Chang Joshua C
Epidemiology and Biostatistics Section, Rehabilitation Medicine Department, The National Institutes of Health, Clinical Center, Bethesda, MD 20892, USA.
R Soc Open Sci. 2019 Mar 20;6(3):182174. doi: 10.1098/rsos.182174. eCollection 2019 Mar.
Consider the problem of modelling memory effects in discrete-state random walks using higher-order Markov chains. This paper explores cross-validation and information criteria as proxies for a model's predictive accuracy. Our objective is to select, from data, the number of prior states of recent history upon which a trajectory is statistically dependent. Through simulations, I evaluate these criteria in the case where data are drawn from systems with fixed orders of history, noting trends in the relative performance of the criteria. As a real-world illustrative example of these methods, this manuscript evaluates the problem of detecting statistical dependencies in shot outcomes in free throw shooting.
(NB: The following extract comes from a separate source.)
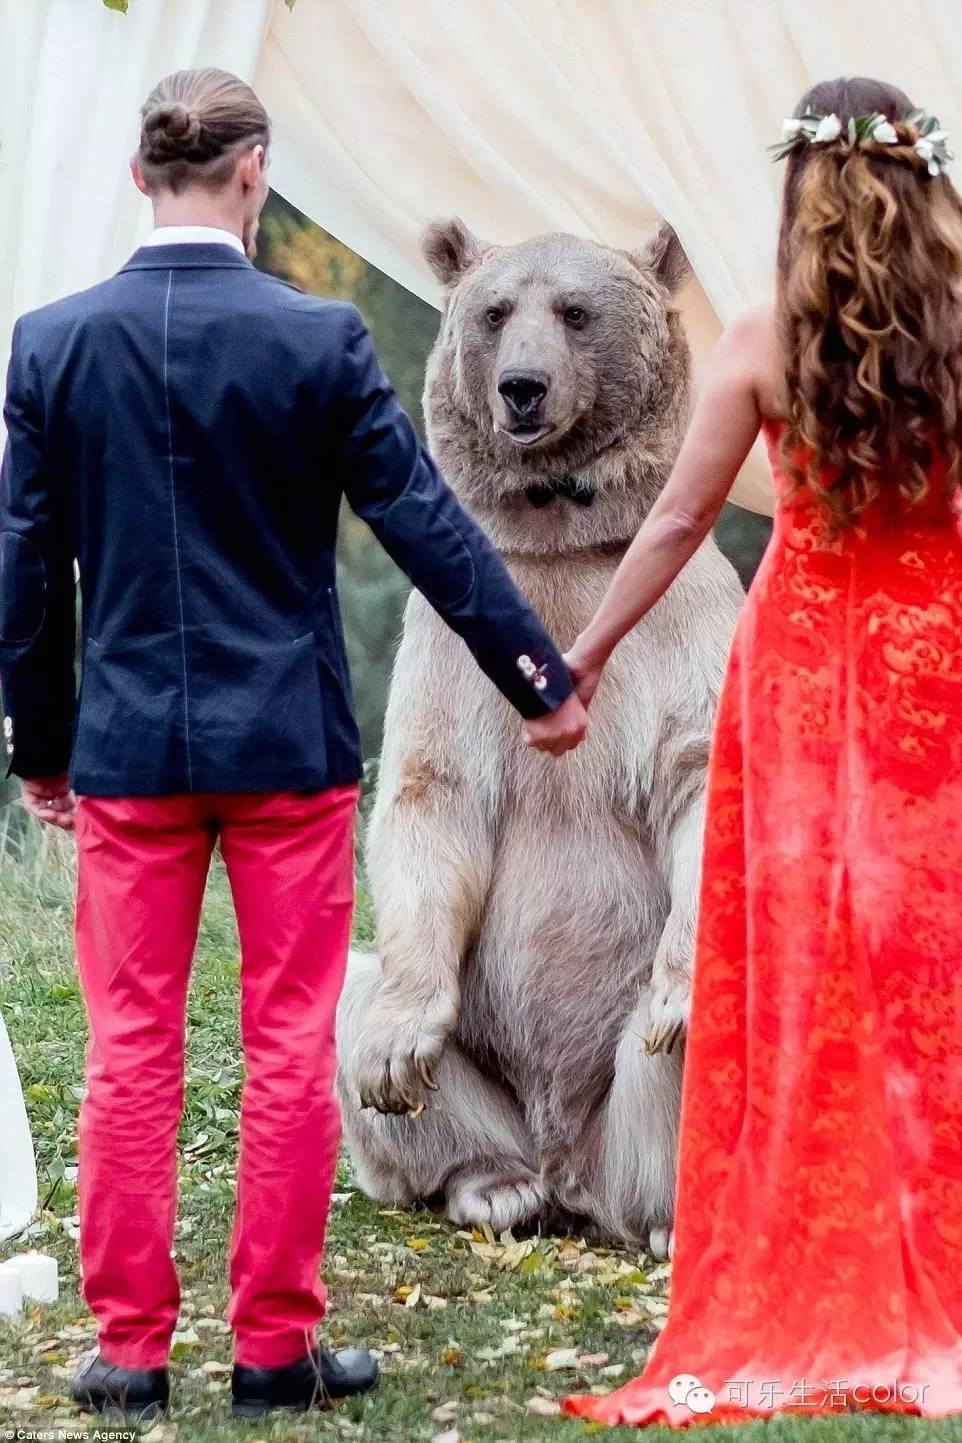 俄罗斯一对新人结婚 佢地邀请到梦想中噶证婚人 一只体型硕大的棕熊
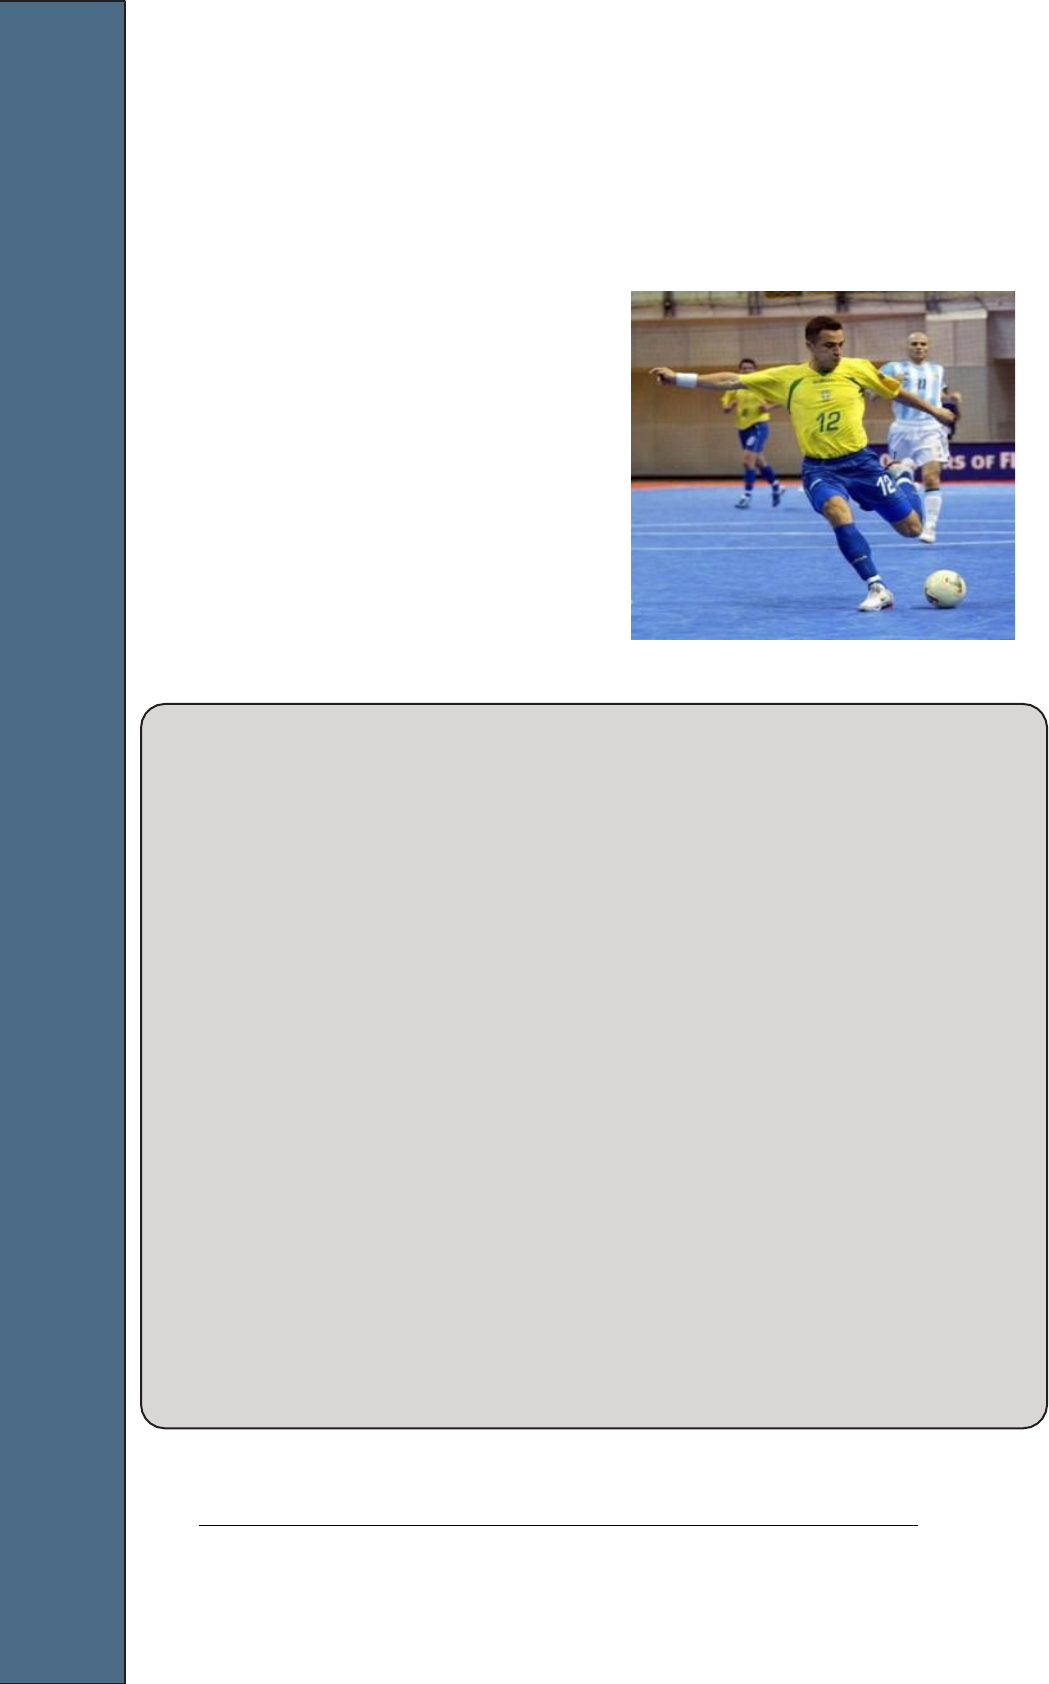 JOGO DE POSSE (18) Exercício recomendado para qualquer faixa etária.  Material: Bola de Futsal, gols; Desenvolvimento: Situação de 5x5+1. Regras:, By Escola de Futsal UFOP

Over three National Basketball Association (NBA) seasons analysed, several players exhibited statistical dependencies in free throw hitting probability of various types-hot handedness, cold handedness and error correction. For the 2013-2014 to 2015-2016 NBA seasons, I detected statistical dependencies in 23% of all player-seasons. Focusing on a single player, in two of these three seasons, LeBron James shot a better percentage after an immediate miss than otherwise. Conditioning on the previous outcome makes for a more-predictive model than treating free throw makes as independent. When extended specifically to LeBron James' 2016-2017 season, a model depending on the previous shot (single-step Markovian) does not clearly beat a model with independent outcomes. An error-correcting variable length model of two parameters, where James shoots a higher percentage after a missed free throw than otherwise, is more predictive than either model.
考虑使用高阶马尔可夫链对离散状态随机游走中的记忆效应进行建模的问题。本文探讨了交叉验证和信息准则作为模型预测准确性的代理指标。我们的目标是从数据中选择轨迹在统计上依赖的近期历史的先前状态数量。通过模拟,我在数据来自具有固定历史阶数的系统的情况下评估这些准则,注意到这些准则相对性能的趋势。作为这些方法的一个实际示例,本文评估了罚球投篮中命中结果的统计依赖性检测问题。在分析的三个美国职业篮球联赛(NBA)赛季中,几名球员在各种类型的罚球命中概率上表现出统计依赖性——手感火热、手感冰冷和纠错。在2013 - 2014赛季到2015 - 2016赛季期间,我在所有球员赛季中有23%检测到了统计依赖性。以一名球员为例,在这三个赛季中的两个赛季里,勒布朗·詹姆斯在紧接着一次未命中之后的罚球命中率比其他情况更高。基于先前的结果进行条件设定会比将罚球命中视为独立事件产生一个更具预测性的模型。当具体扩展到勒布朗·詹姆斯2016 - 2017赛季时,一个依赖于前一次投篮的模型(单步马尔可夫模型)并没有明显优于一个具有独立结果的模型。一个两参数的纠错可变长度模型,即詹姆斯在罚球未命中后的命中率高于其他情况,比这两个模型都更具预测性。